Write out the whole listing exactly; no images belong in it.
# # # #
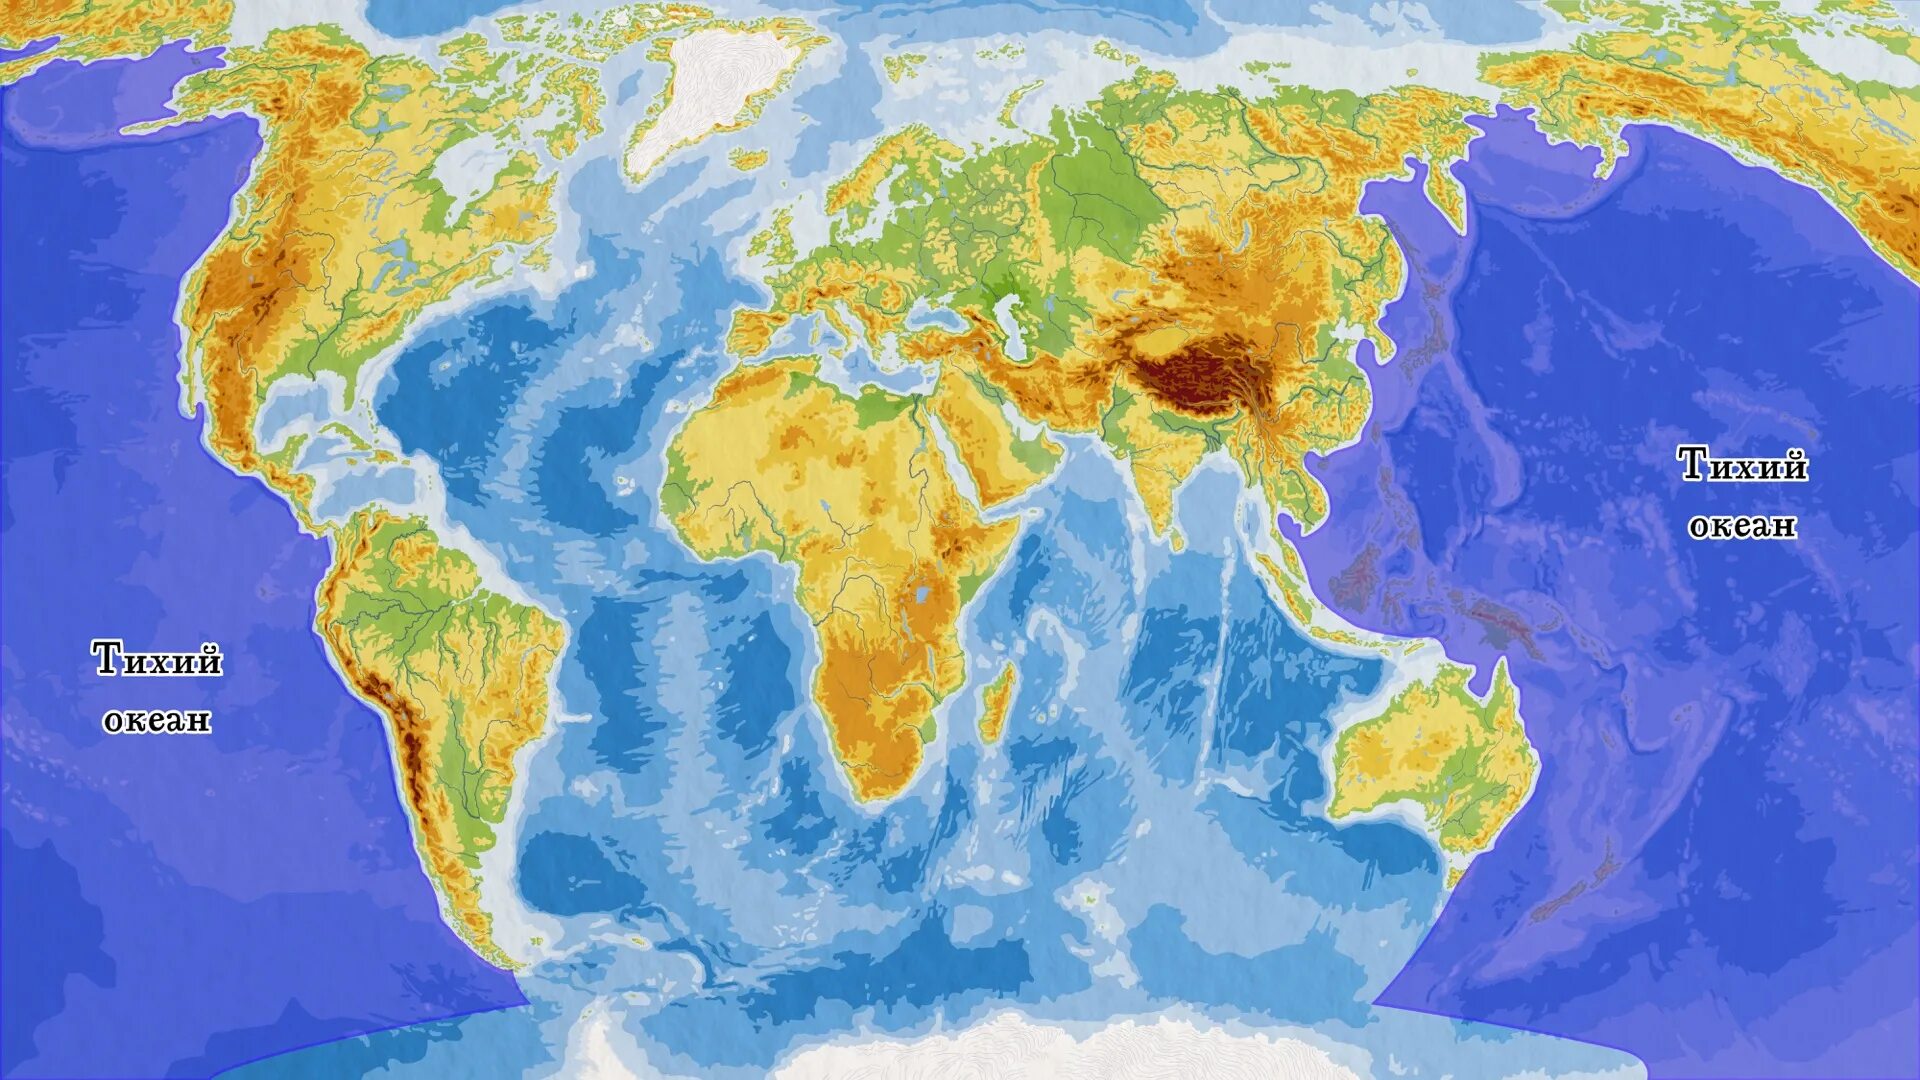 Что можно увидеть на карте. Объекты гидросферы на карте. Тихий океан на карте.
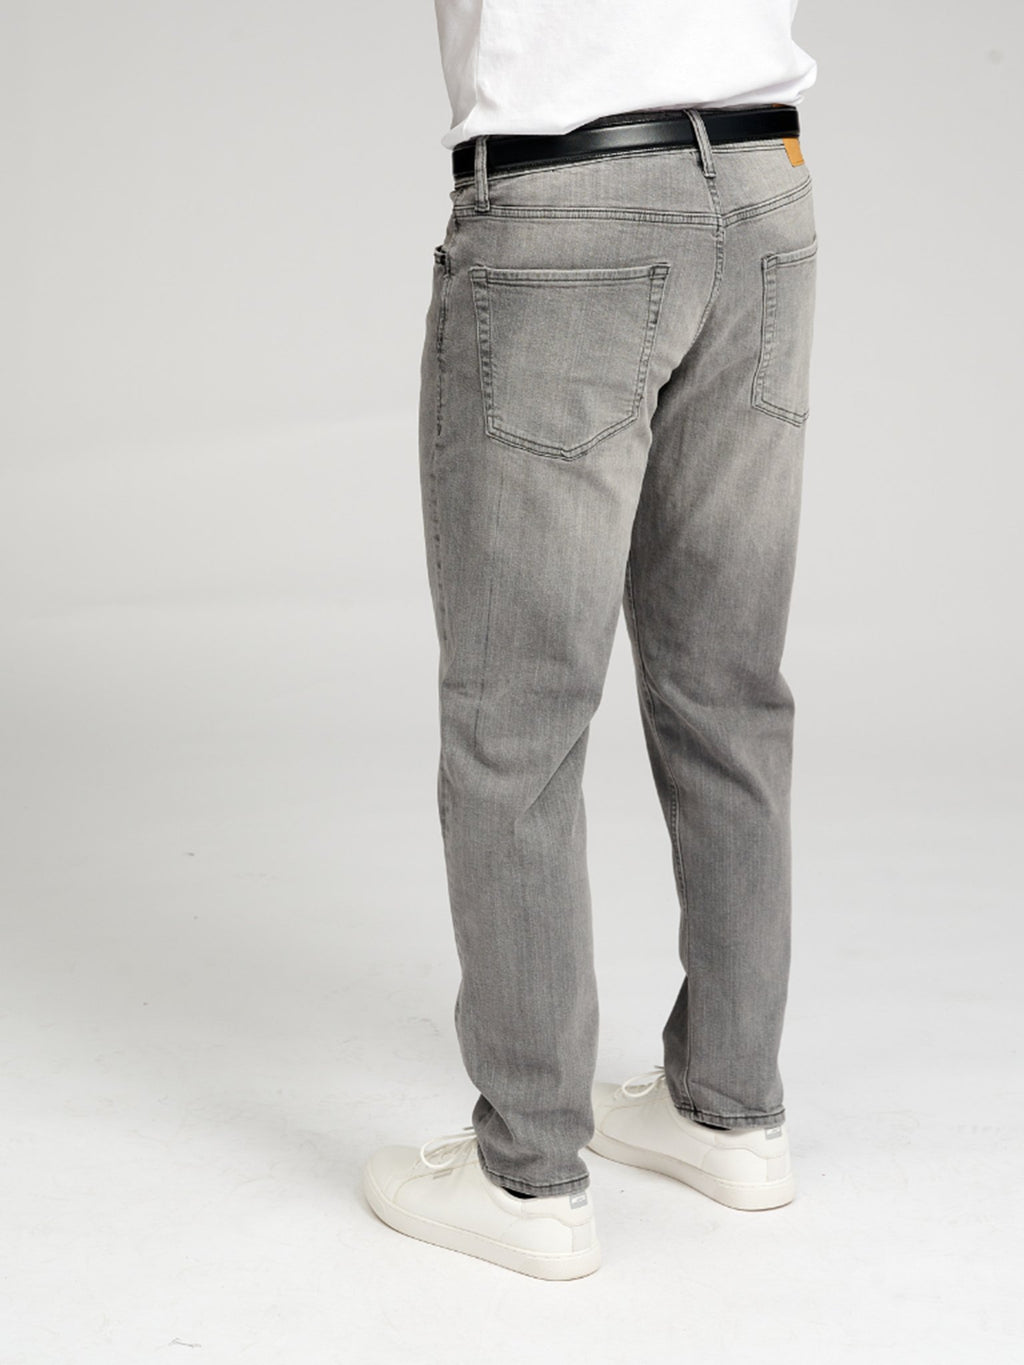 The Original Performance Jeans (regulär) - grauer Jeans
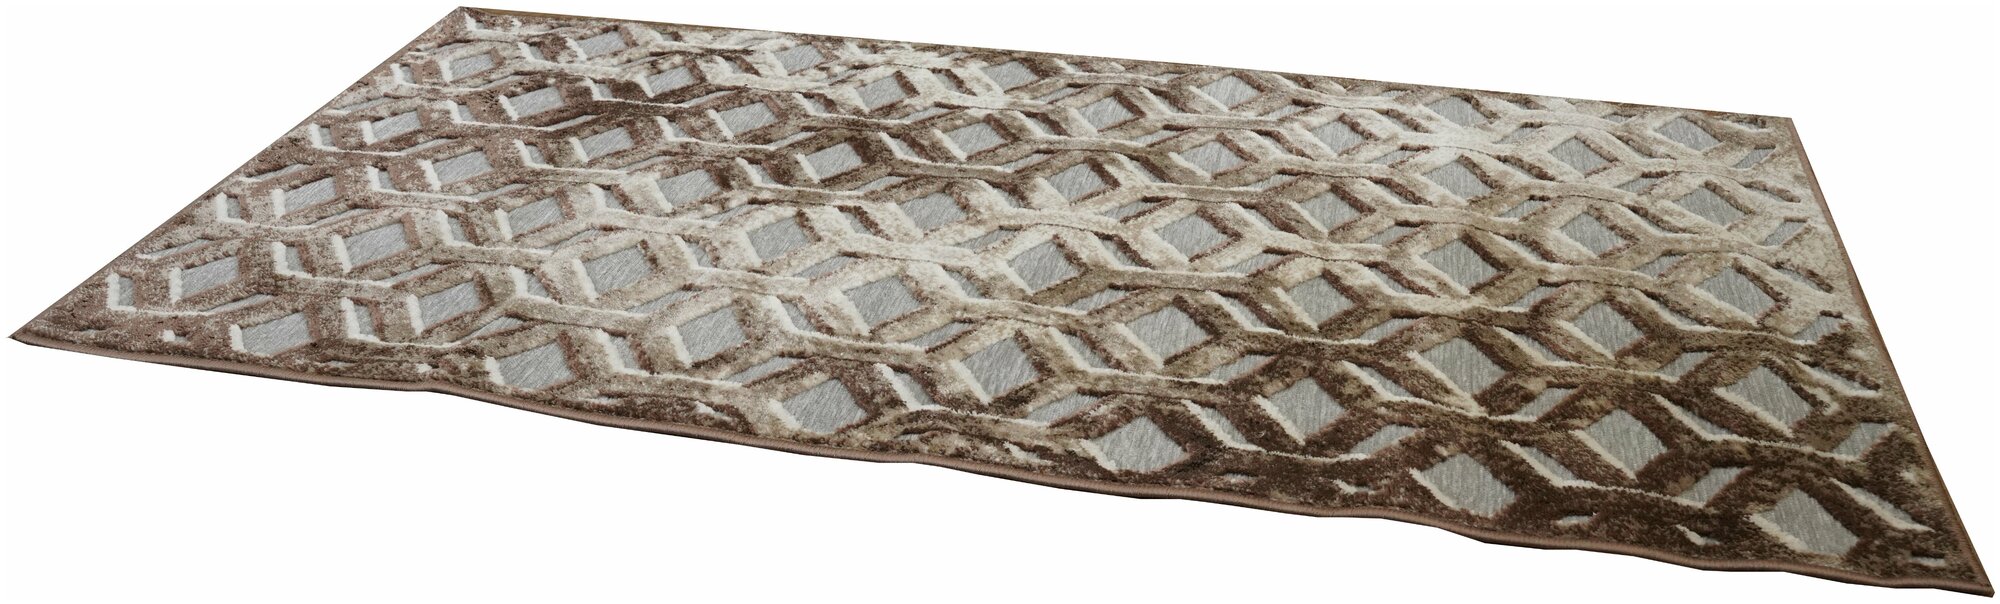 Ковер Dream floor Джелато Грей 4294/a2/glg 0.8*1.5 коврик на пол, прикроватный коврик в спальню, коврик в прихожую - фотография № 6
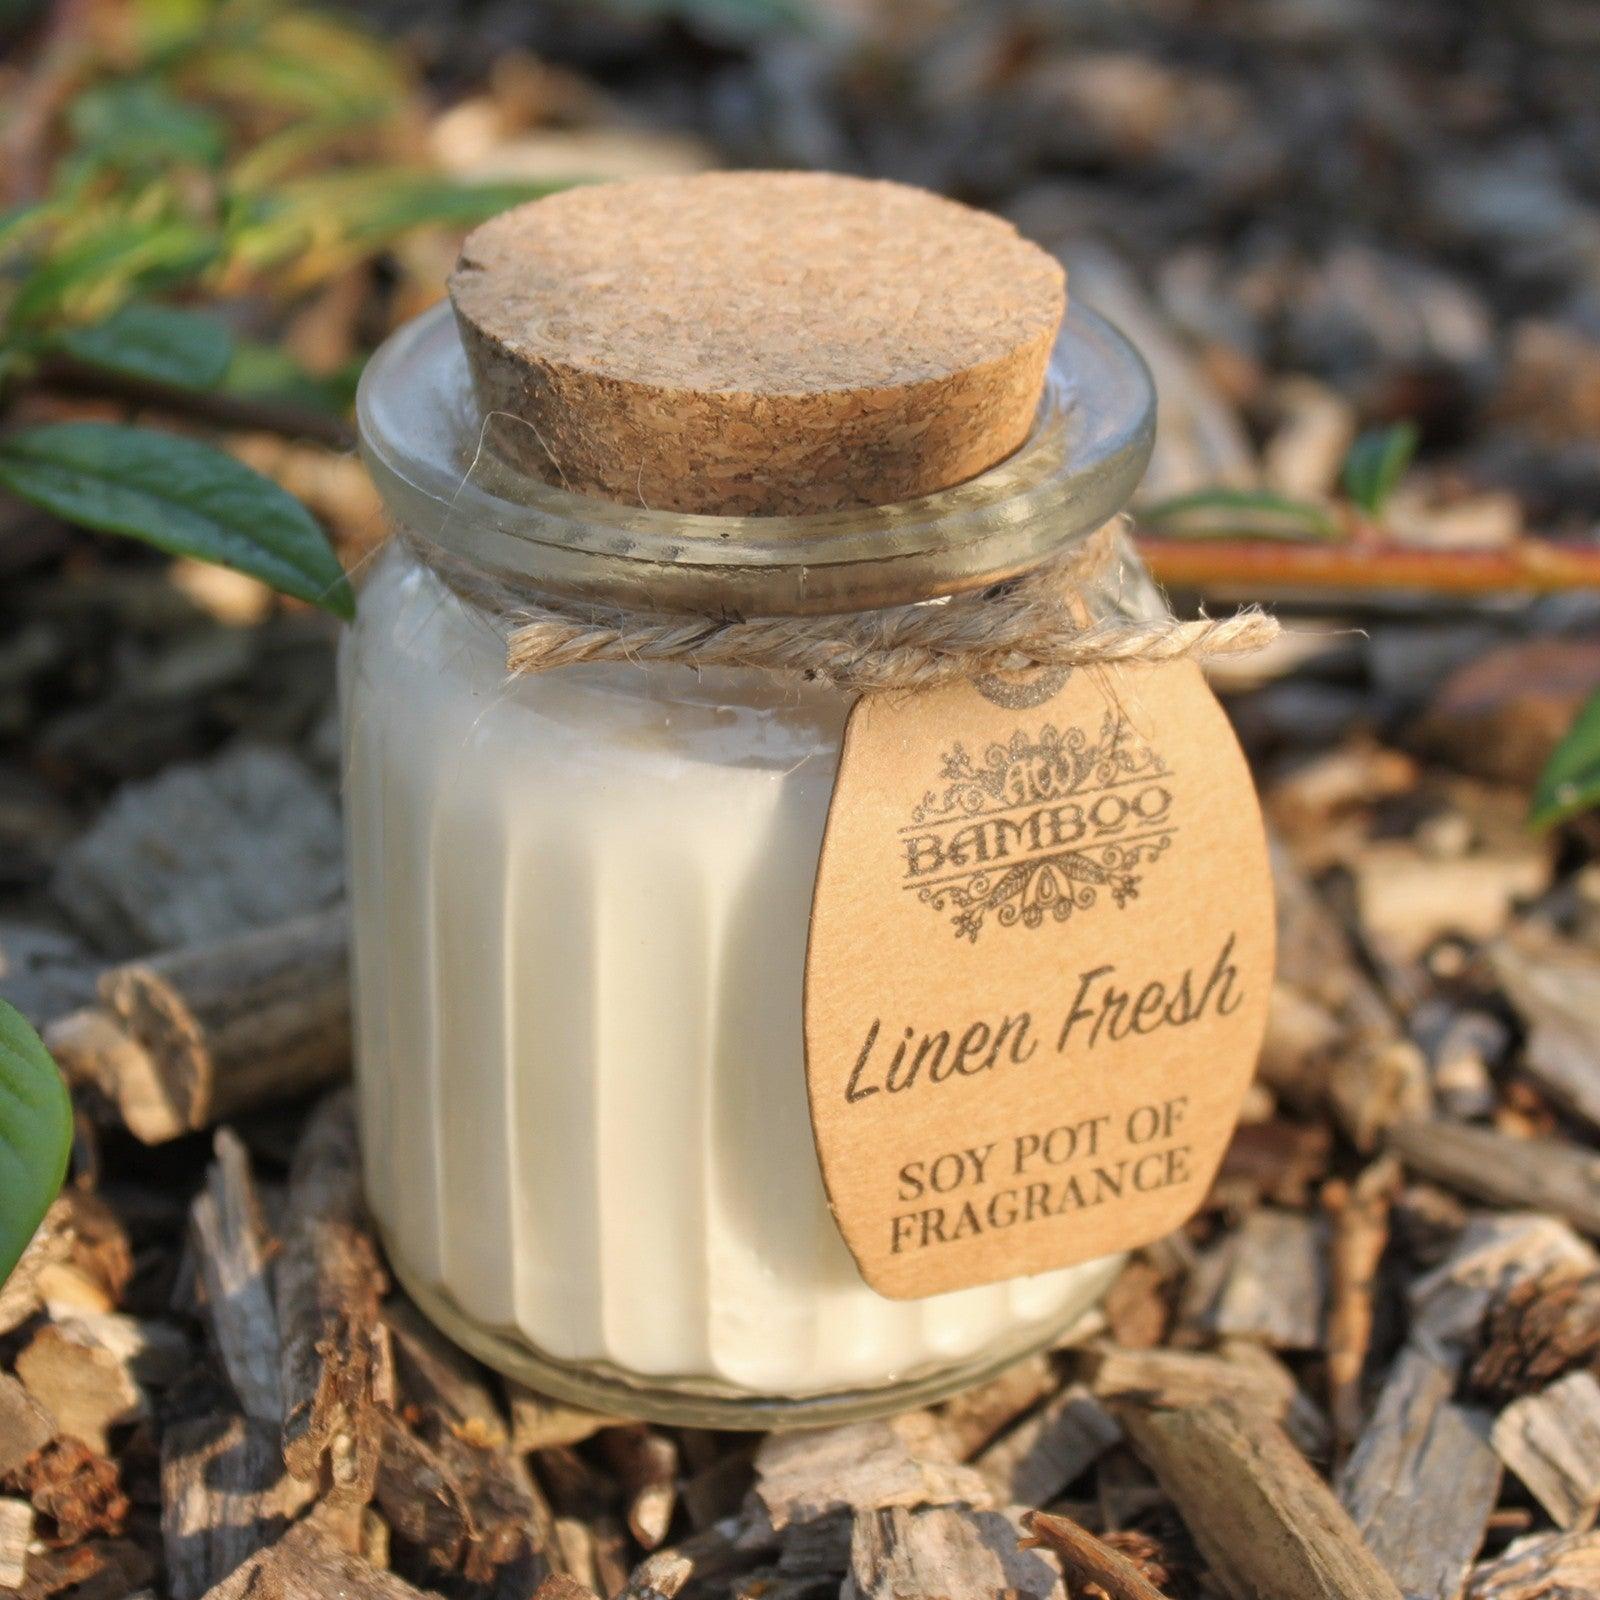 Linen Fresh Soy Pot of Fragrance Candles - DuvetDay.co.uk
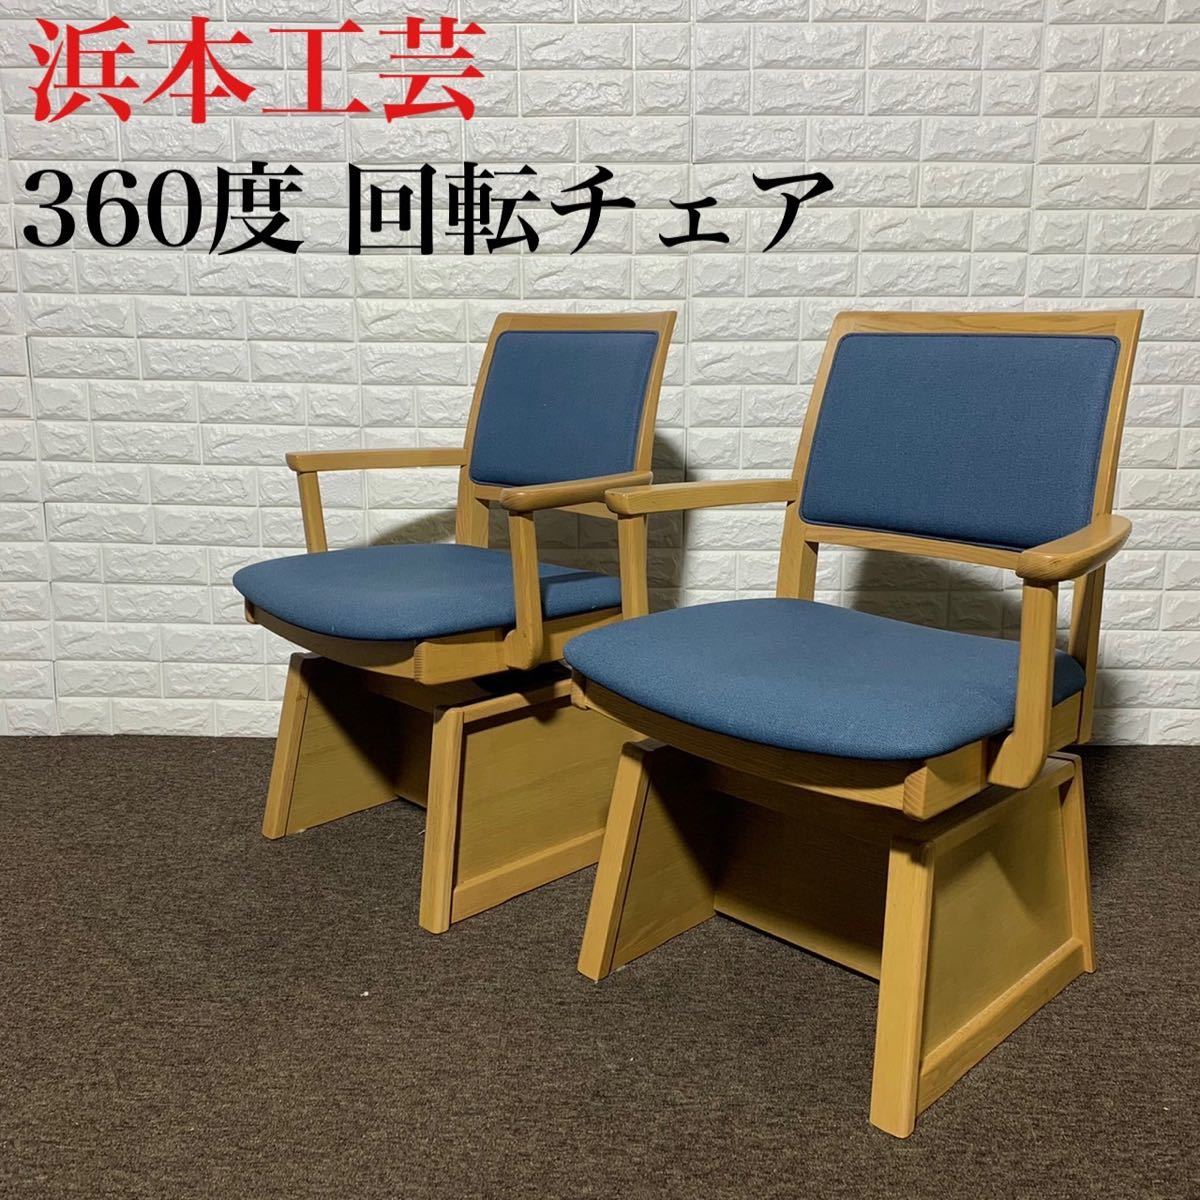 浜本工芸 チェア 回転 360度 高級 おしゃれ 椅子 家具 k0089 pds.com.py
# # # #
* SOLUTION FOR THIS TASK
 Что можно увидеть на карте. Объекты гидросферы на карте. Тихий океан на карте.
 The Original Performance Jeans (regulär) - grauer Jeans
 Ковер Dream floor Джелато Грей 4294/a2/glg 0.8*1.5 коврик на пол, прикроватный коврик в спальню, коврик в прихожую - фотография № 6
 Linen Fresh Soy Pot of Fragrance Candles - DuvetDay.co.uk
 浜本工芸 チェア 回転 360度 高級 おしゃれ 椅子 家具 k0089 pds.com.py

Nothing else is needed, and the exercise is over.